Marcel Brun sur la "Flipped Classroom"

Je me suis un peu fait violence pour écouter cette vidéo jusqu'au bout. Eh bien oui, pour qui travaille dans les technologies de l'apprentissage depuis au-delà de 12 années, sans vouloir jouer au finaud, il n'y a rien là de très nouveau ni révélateur. Mais il faut parfois chercher à écouter de manière différente et à dégager un point de vue au départ des bribes qui nous parlent, et c'est ce que j'ai essayé de faire pour cette activité #CLOM-REL_5M1A2.

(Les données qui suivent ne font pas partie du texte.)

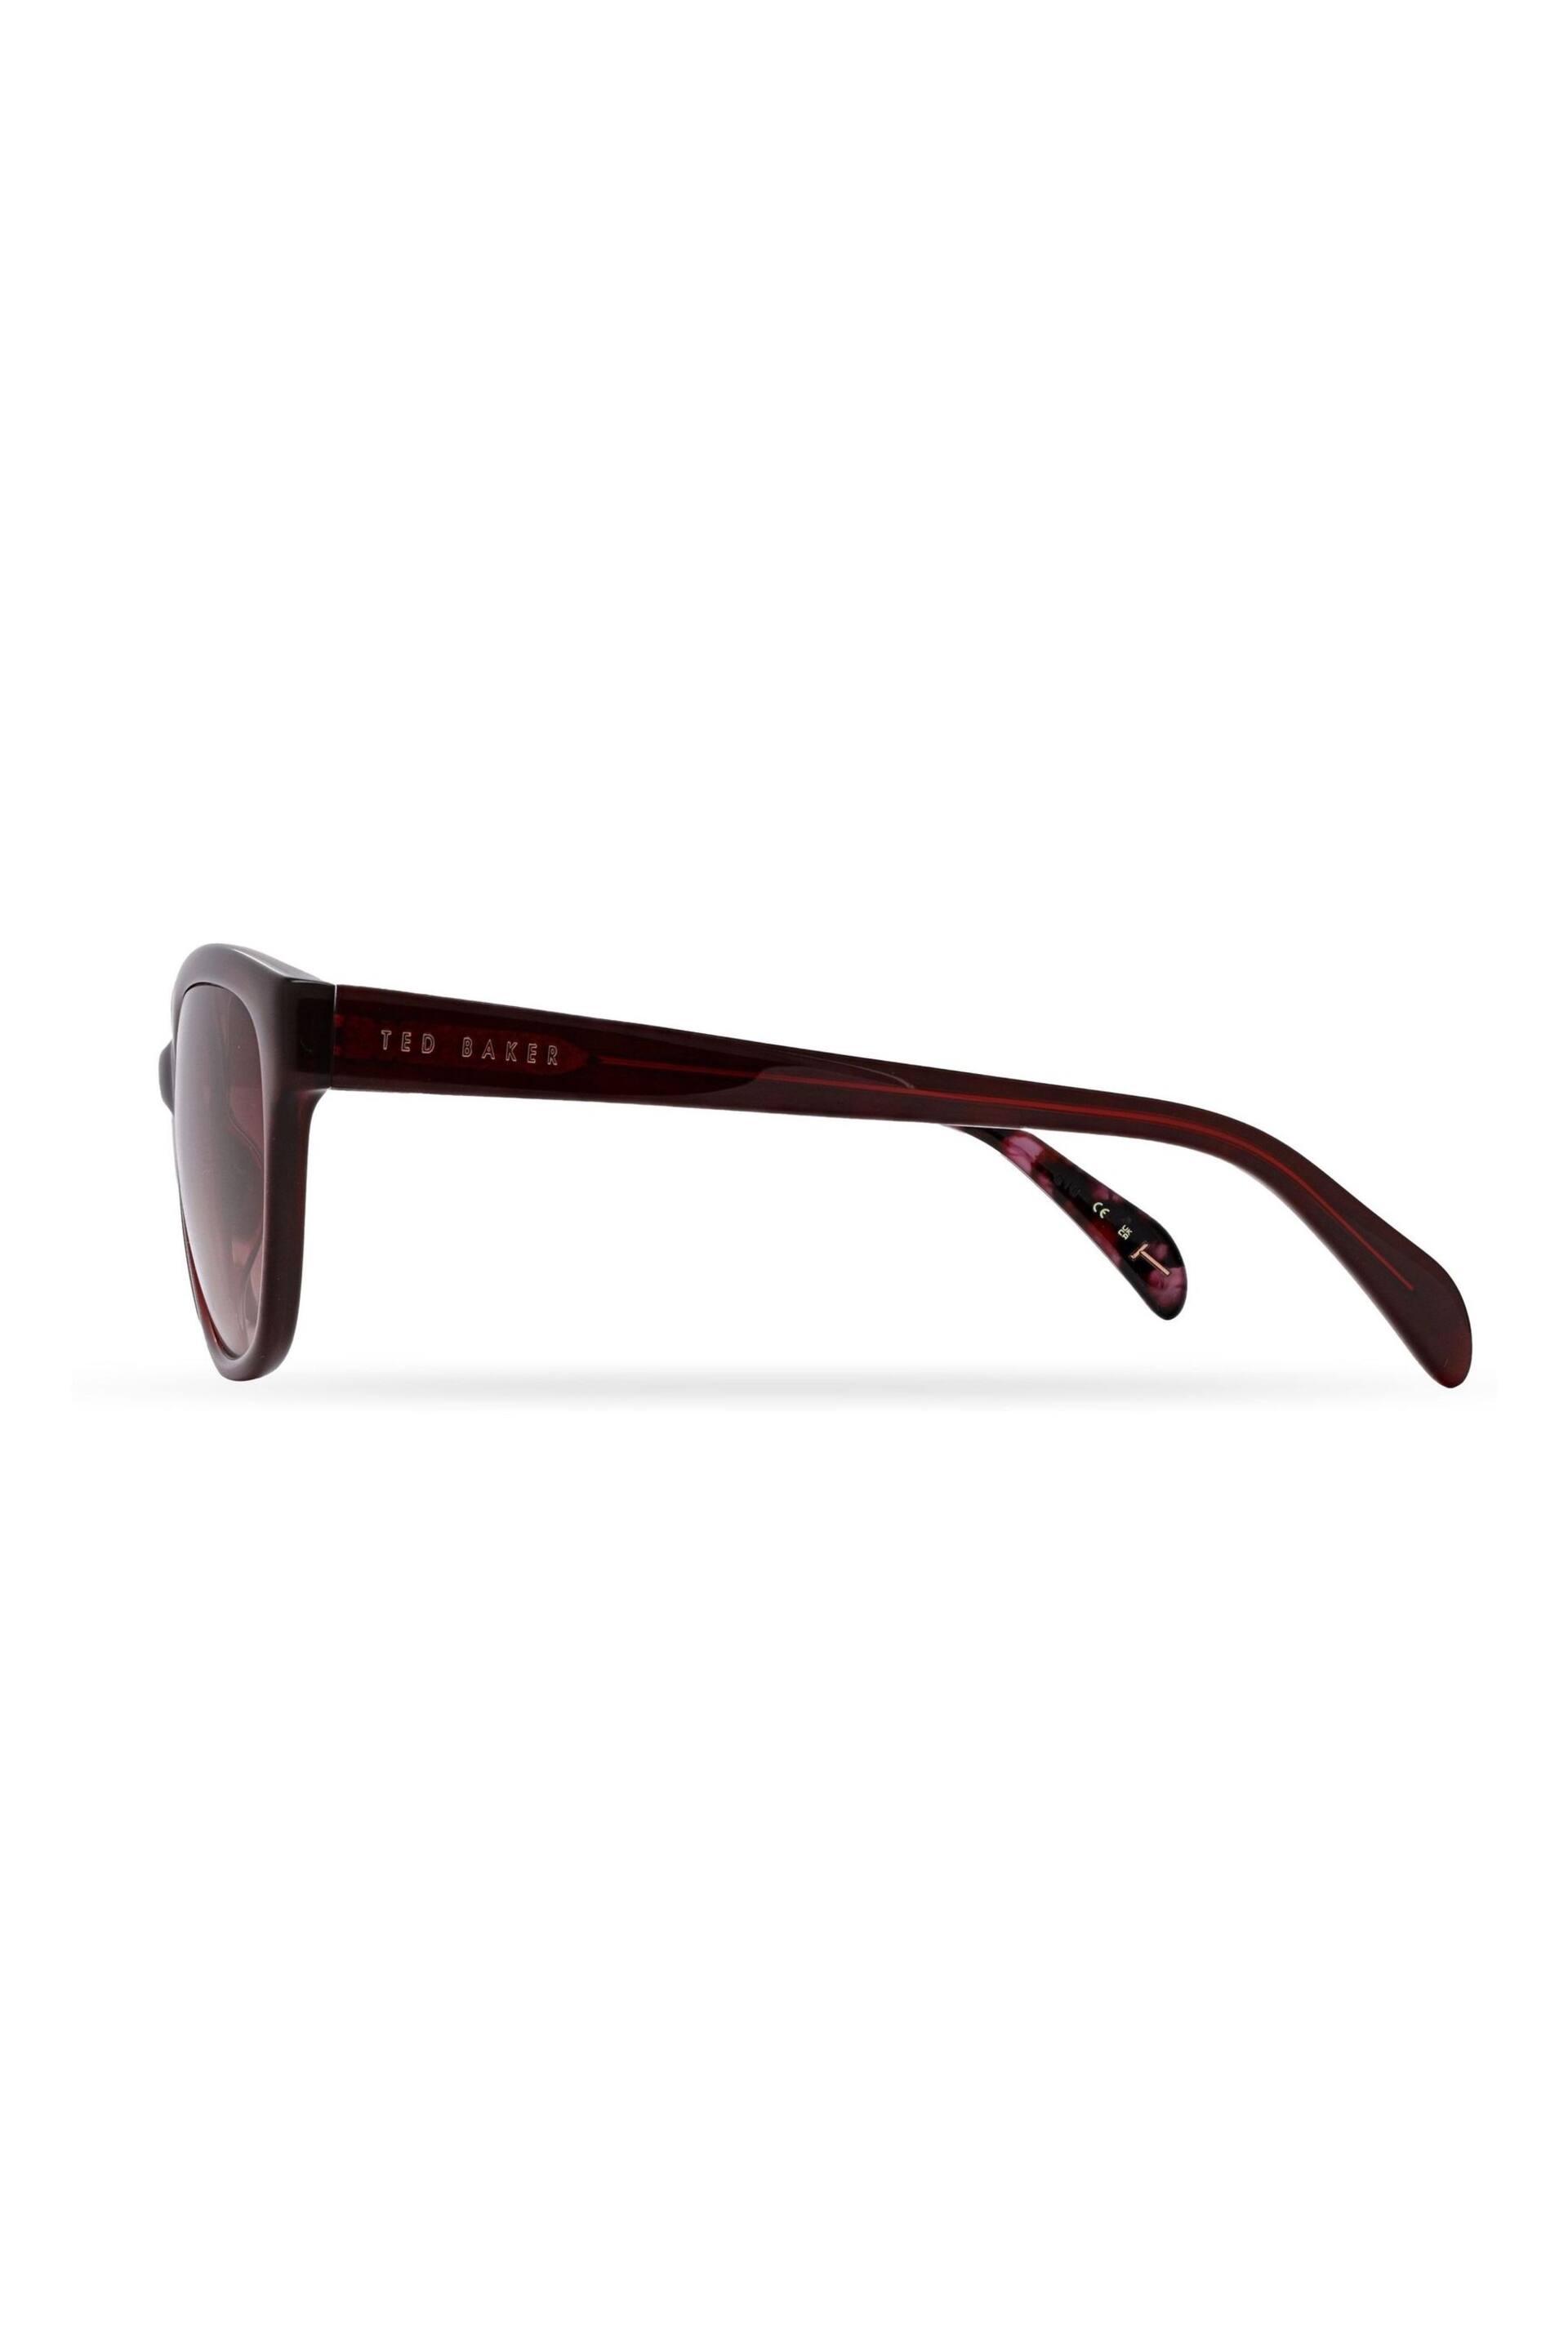 Ted Baker Red Amie Sunglasses - Image 3 of 5
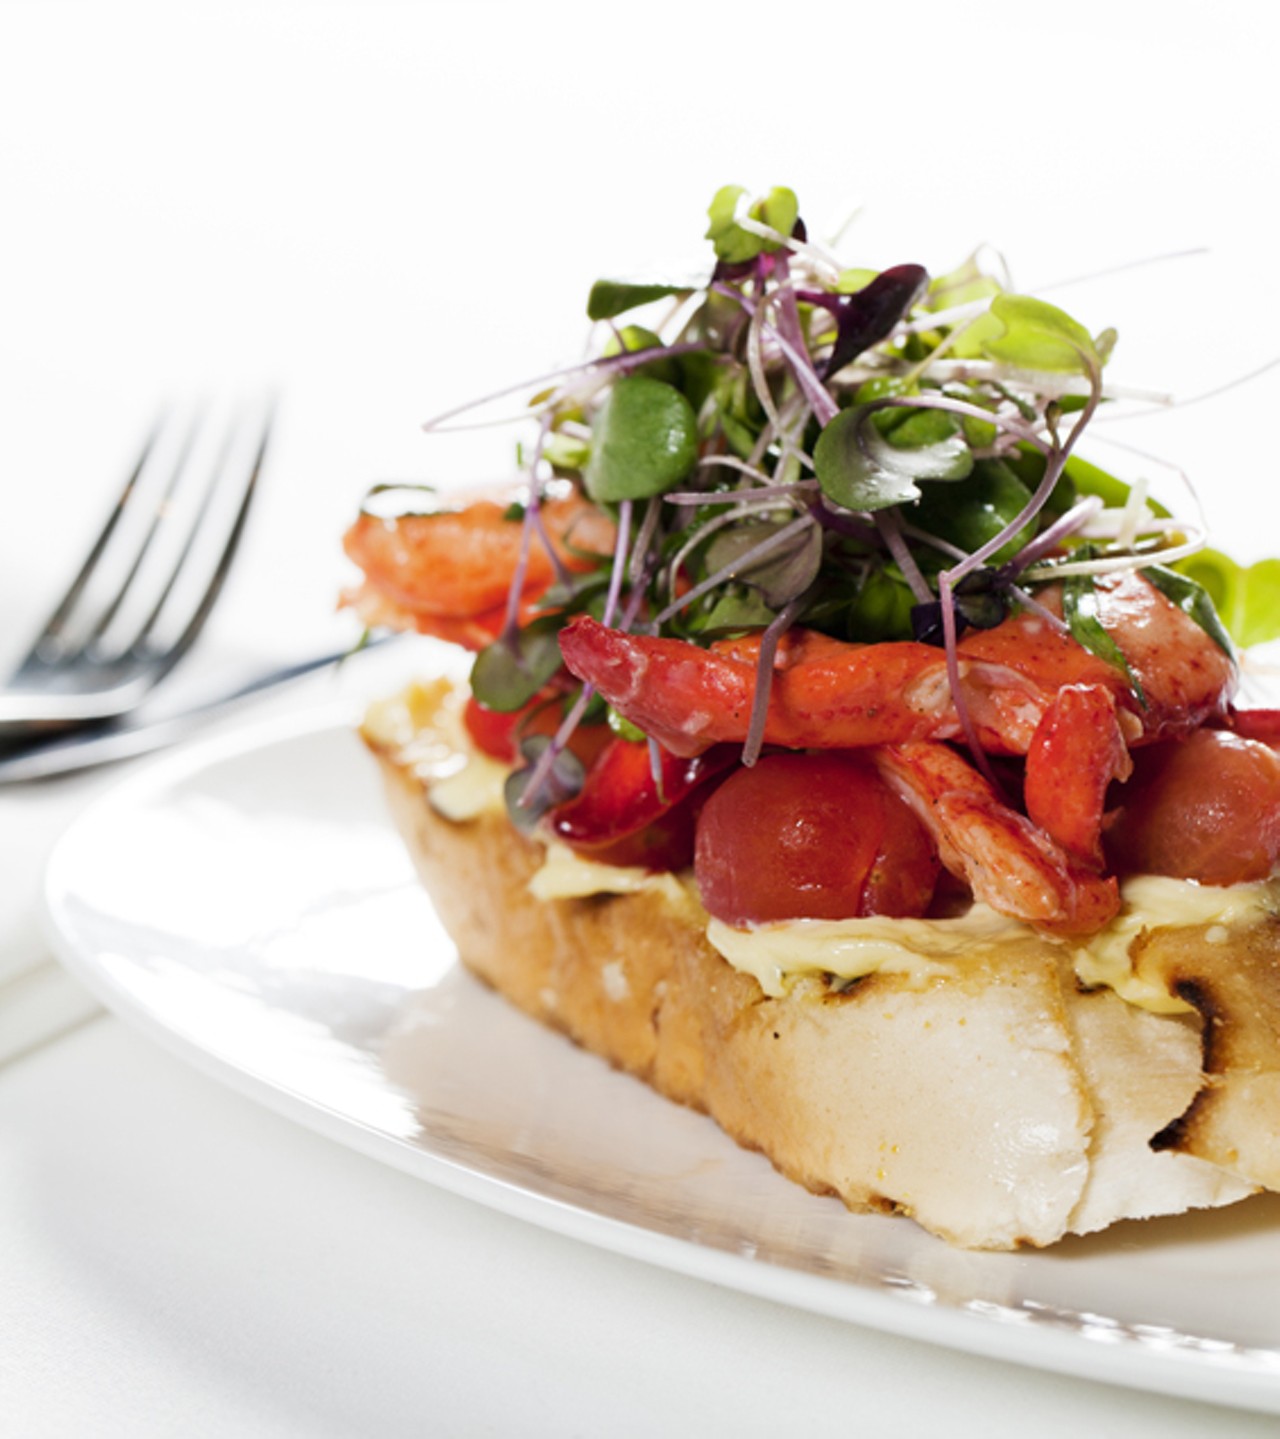 From the "to start" menu is the lobster "knuckle sandwich" with tarragon and tomatoes.

La pédagogie inversée se résume donc à inciter l'apprenant, par le biais d'activités diverses, engageantes et interactives, à consulter lui-même et en avance de la leçon le matériel qui sera discuté avec l'enseignant et les autres élèves durant la période de cours. J'ai toujours cru farouchement à cette idée et j'adhère à sa version réseautée dans Internet, le connectivisme, alors bravo: que l'enseignant utilise au mieux le temps qui lui est imparti pour engager les élèves, répondre à leurs questions, cheminer avec eux, etc.

Vidéo sur Khan Academy - FR
Géométrie, Cercles
Qui plus est, Marcel Brun apporte plusieurs points intéressants, comme l'idée de varier l'approche (progresser vers la pédagogie inversée et utiliser diverses méthodes de livraison plutôt que, par exemple, de toujours demander de regarder des vidéos, puis de faire des exercices avant la rencontre en classe). Autre bon point, la valeur limitée du logiciel de présentation genre PowerPoint si l'enseignant est pour livrer tout le contenu plutôt que de faire appel à la découverte guidée et à d'autres méthodes plus engageantes.

Je me suis par ailleurs souvenu, à regarder cette vidéo, d'une rencontre avec une enseignante de l'École Odyssée, ici à Moncton en février 2013 à l'occasion d'un atelier sur les REL organisé par l'OIF. Cette dernière, passionnée et novatrice, nous expliquait comment elle utilisait la vidéo pour faire de la pédagogie inversée. Ce qui m'avait davantage marqué dans son explication était l'idée d'enregistrer une seule et excellente prestation, bien organisée, bien livrée plutôt que de s'astreindre à répéter la même chose pour trois classes en une journée, sachant très bien que la qualité de la livraison diminue à mesure qu'avance la journée, que s'épivarde l'attention des élèves et que se multiplient les distractions. Donc réduire la répétition et le gaspille d'énergie pour s'employer à utiliser son temps de manière efficace. Un argument solide toujours aussi valable.

Mais terminons avec une objection à laquelle s'attaque avec raison M. Brun, et c'est l'idée que bien sûr voilà donc une excellente théorie, mais qu'en pratique les élèves et étudiants ne demandent pas mieux que de venir s'assoir pour se "faire remplir" le crâne et qu'ils ne finissent jamais justement par prendre le temps de faire les démarches et exercices prescrits pour qu'ait lieu l'échange espéré et le co-apprentissage. Comment rompre ce cycle? M. Brun raconte l'histoire d'un enseignant précurseur qui justement pratiquait sa conviction en n'enseignant qu'en réaction à ce que les élèves lui apportaient de la matière. Donc une entente tacite avec eux, lorsqu'ils comprennent qu'effectivement, la méthode n'est pas didactique de bas en haut, mais bel et bien dynamique de pairs à pairs. Pour justement
Arrêter de transmettre, tout est transmis!